Phillips died in his home, on Common Street in Boston's neighborhood of Charlestown, on February 2, 1884.
A solemn funeral was held at Hollis Street Church four days later. His body was taken to Faneuil Hall, where it lay in state for several hours. Phillips was then buried at Granary Burying Ground.
On February 12, a memorial service was held at the Bethel African Methodist Episcopal Church on Sullivan Street in New York City. Rev. William B. Derrick gave a eulogy, describing Phillips as a friend of humanity and a citizen of the world. Timothy Thomas Fortune also eulogized Phillips, calling him a reformer who was as bold as a lion, who had reformed a great wrong, and who had left a rejuvenated Constitution.
On February 8, in the U.S. House of Representatives, John F. Finerty offered resolutions of respect to the memory of Phillips. William W. Eaton objected to the resolutions.
A memorial event was held in Tremont Temple, Boston, on April 9, 1884. Archibald Grimké delivered a eulogy.
Irish poet and journalist John Boyle O'Reilly, who was a good friend of Phillips, wrote the poem Wendell Phillips in his honor.
In 1904, the Chicago Public Schools opened Wendell Phillips High School in the Bronzeville neighborhood on the south side of Chicago in Phillips' honor.
In July 1915, a monument was erected in Boston Public Garden to commemorate Phillips, inscribed with his words: "Whether in chains or in laurels, liberty knows nothing but victories". Jonathan Harr's "A Civil Action" refers to the statue in recounting Mark Phillips', a descendant of Wendell Phillips', reaction to a legal victory in the case against W.R. Grace & Co. et al.

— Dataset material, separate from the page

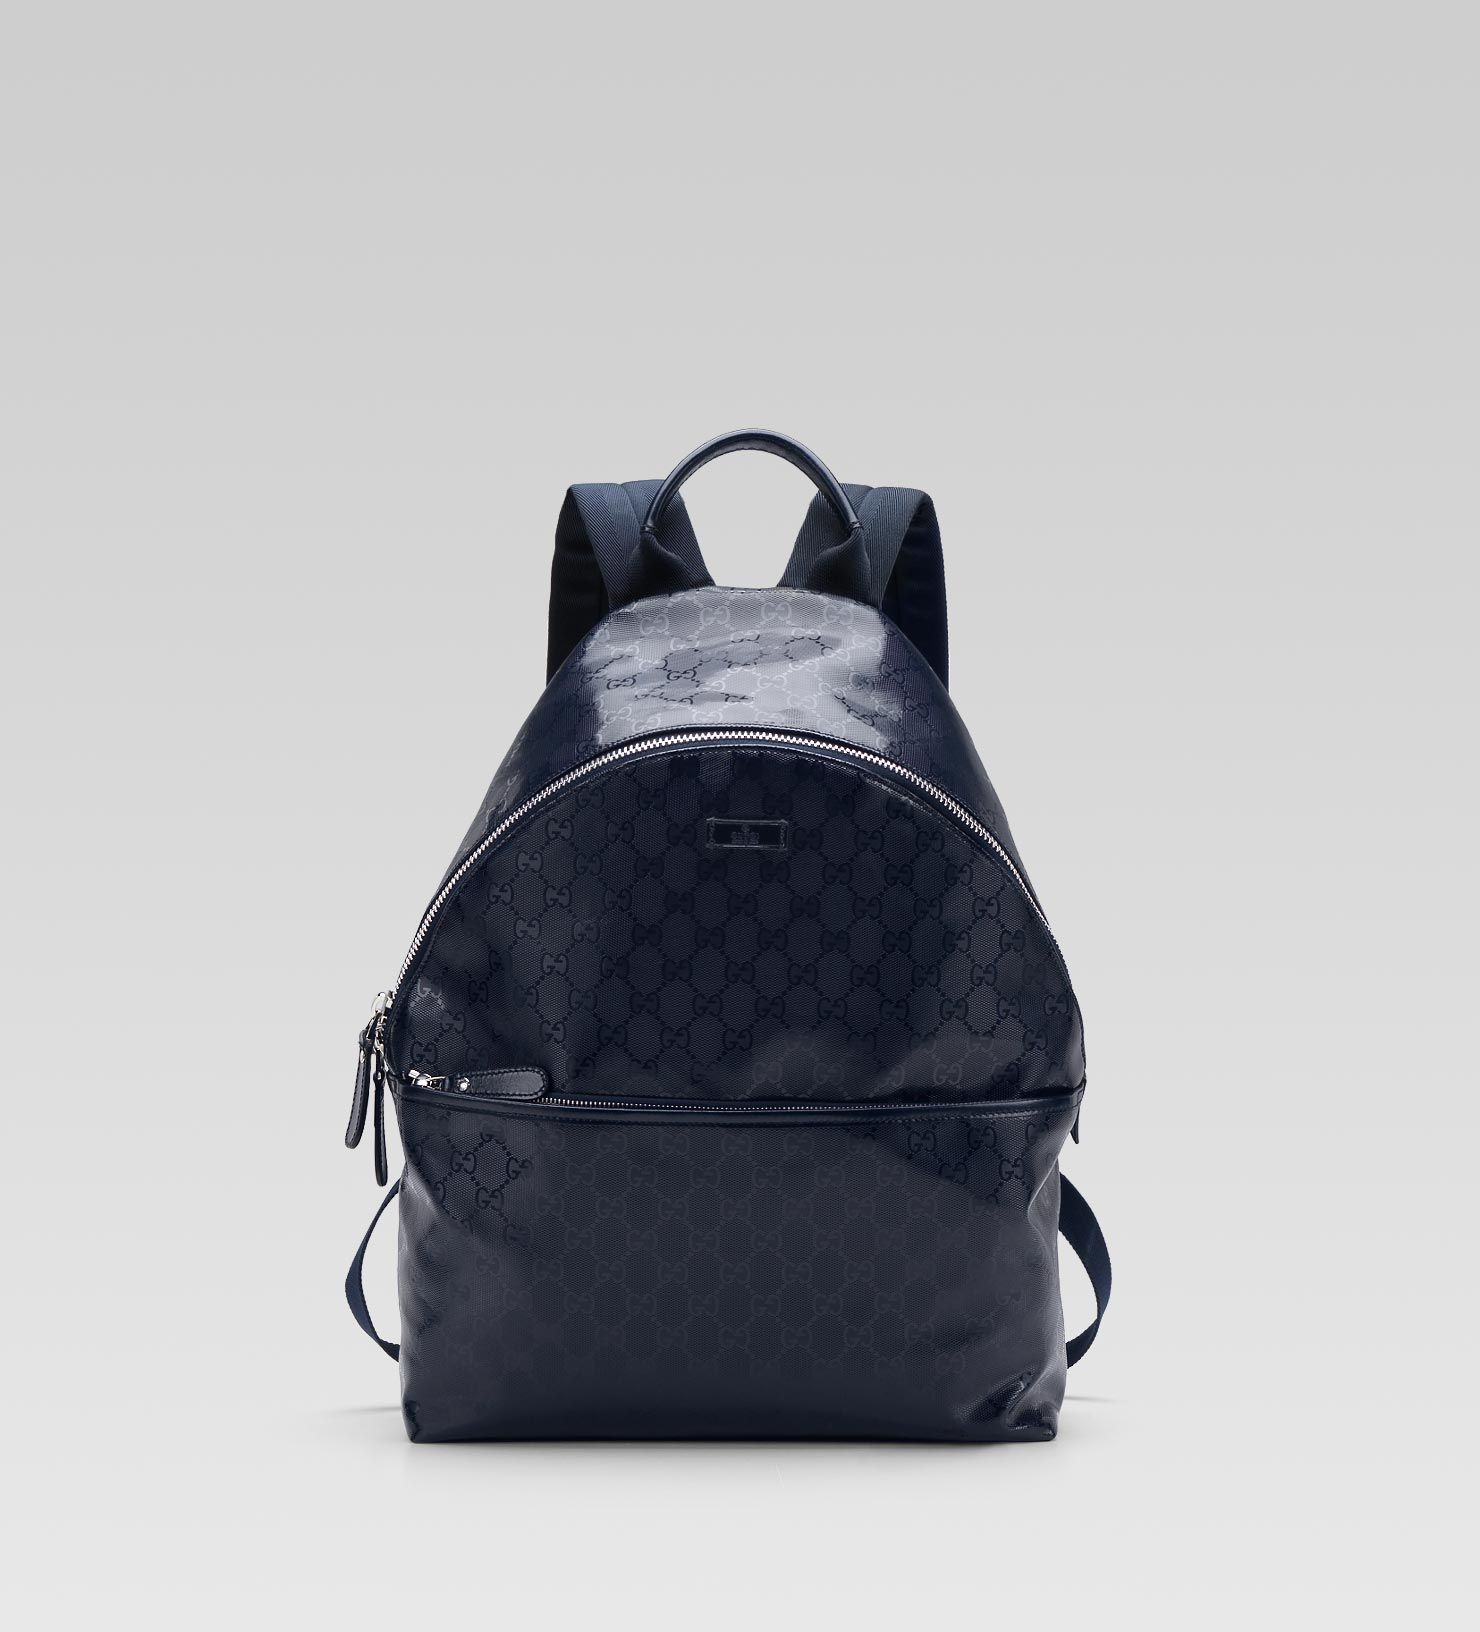 41a879a7e66b Gucci men blue GG imprime backpack 1 | Stuff to buy | Gucci men ...

The Phillips Neighborhood of Minneapolis was named after "Wendell Phillips, a 19th century abolitionist"
A phrase from his speech of January 20, 1861, "I think the first duty of society is justice," sometimes wrongly attributed to Alexander Hamilton, appears on various courthouses around the United States, including in Nashville, Tennessee.
The Wendell Phillips Award, established in 1896, is bestowed annually upon a member of Tufts University's senior class. The Wendell Phillips Prize at Harvard University is awarded to the best orator in the sophomore class. The main building of the College of the Pacific at the University of the Pacific is named the Wendell Phillips Center.
The Wendell Phillips School in Washington, D.C., was named in his honor in 1890. The school closed in 1950 and was turned into the Phillips School Condominium in 2002.